Physical characteristics
- • location: McHenry County southeast of Harvard, Illinois
- • coordinates: 42°23′18″N 88°34′07″W﻿ / ﻿42.3883333°N 88.5686111°W
- • elevation: 1,015 ft (309 m)
- • location: Confluence with the Kishwaukee east of Belvidere, Illinois
- • coordinates: 42°15′23″N 88°42′10″W﻿ / ﻿42.2563889°N 88.7027778°W
- • elevation: 774 ft (236 m)
- Length: 15 mi (24 km)

Basin features
- Progression: Rush Creek → Kishwaukee → Rock → Mississippi → Gulf of Mexico
- GNIS ID: 417053

= Rush Creek (Kishwaukee River tributary) =

Rush Creek is a 14.9 mi tributary of the Kishwaukee River in northern Illinois.
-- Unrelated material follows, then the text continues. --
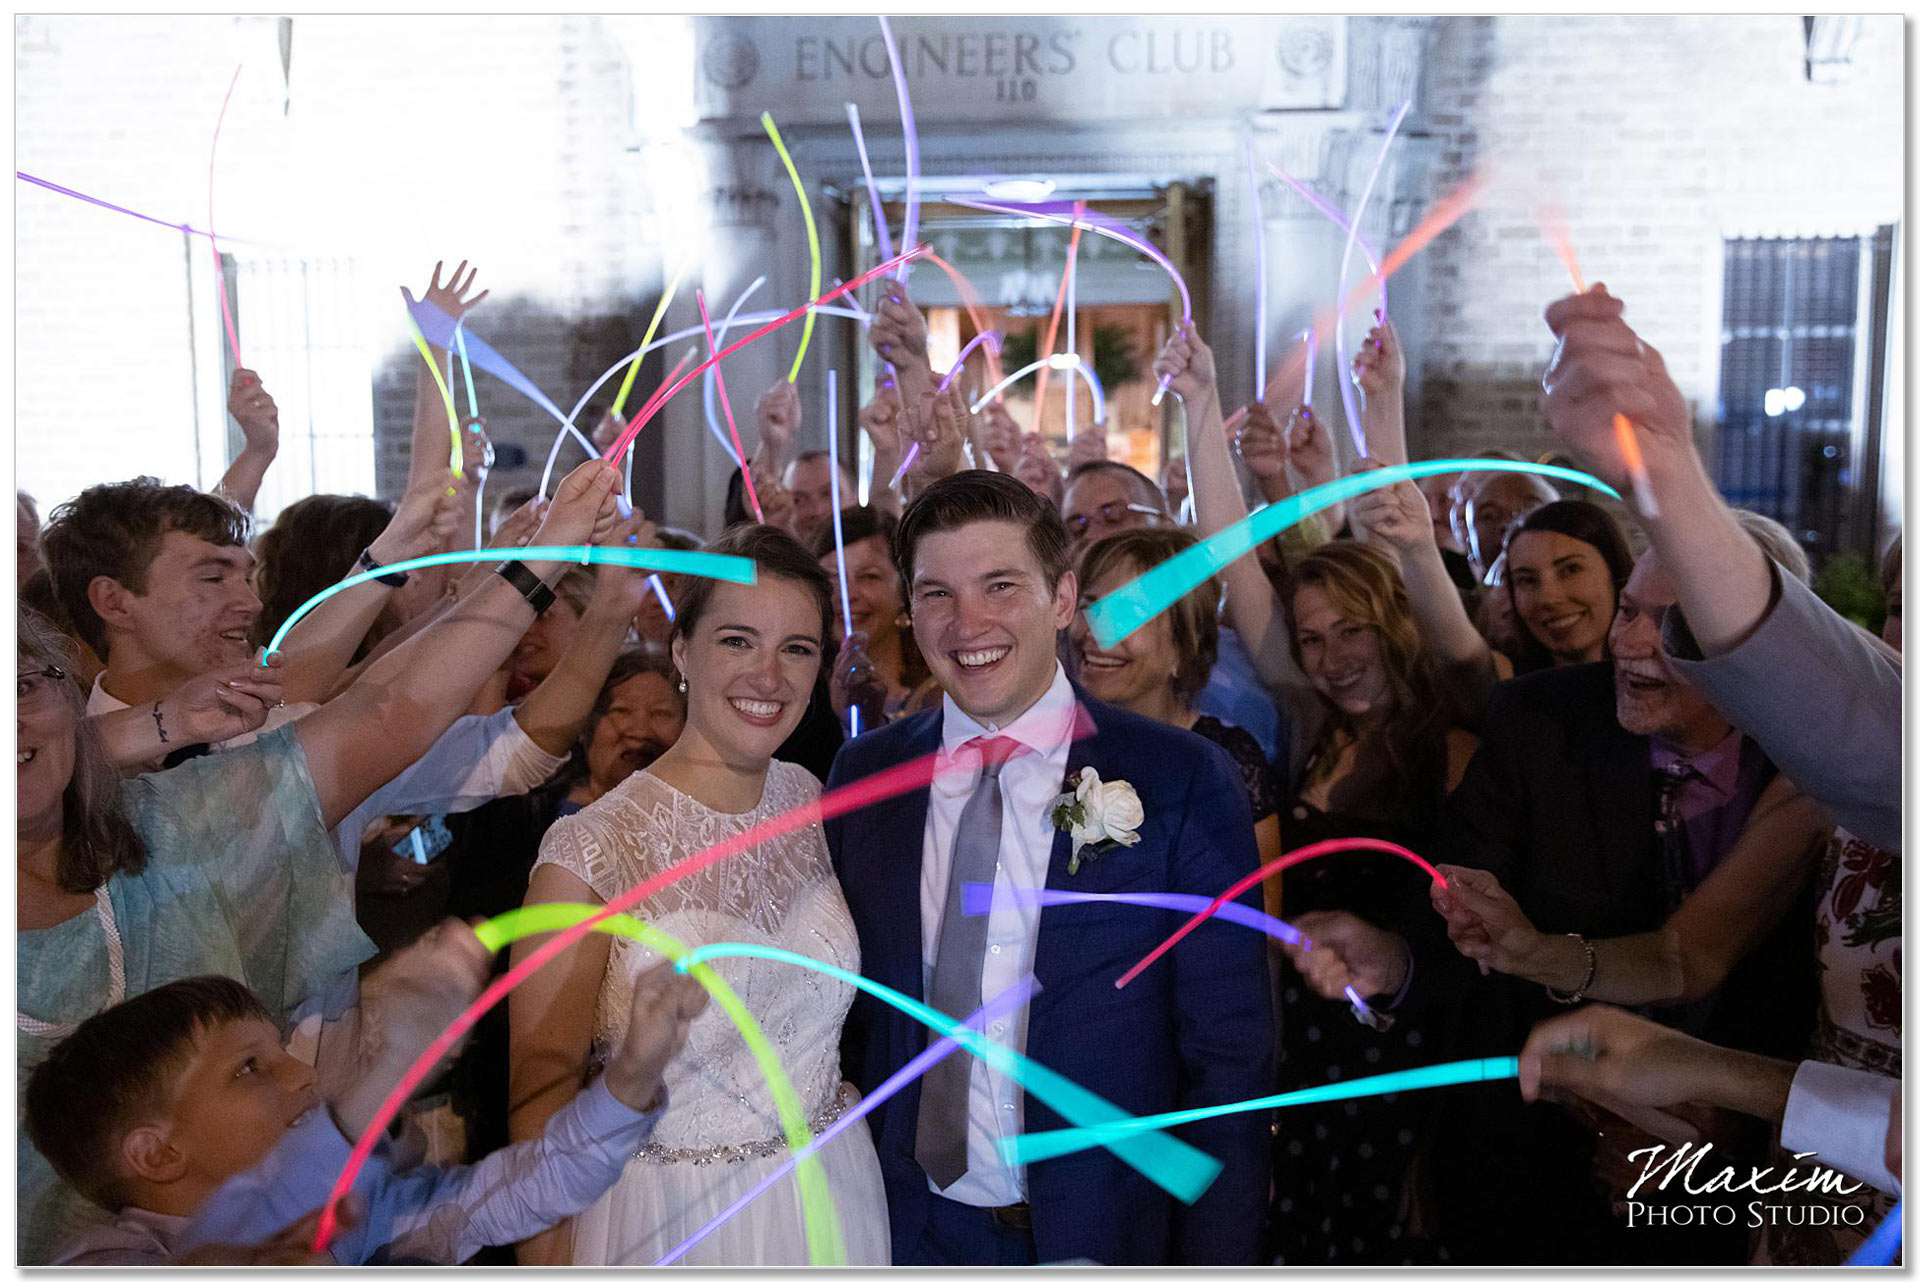 Engineers Club Wedding reception glowsticks exit

There is another Rush Creek that is a tributary of the Mississippi River in Carroll County.

==Course==
Rush Creek's origin is in a complex of wetlands near Harvard, Illinois, two miles southeast. The stream then flows southwest until it empties into the main stem of the Kishwaukee River one mile east of Garden Prairie.

==Description==
Approximately 65% of the main stem of Rush Creek has been channelized (ditched and straighten), however 50% of those areas are showing signs of recovery. Despite the channelization and encroachment from agriculture many of the stream's features such as riffles can still be seen.

==Wildlife==
Twenty-nine species of fish have been identified within Rush Creek and its tributaries, two of those species have not been seen in the watershed since 1965 - the northern pike and the largescale stoneroller. Three animal species are on state or federal endangered or threatened lists - river otter, and two mussels, Elliptio dilatata (Spike) and Alasmidonta viridis (Slippershell).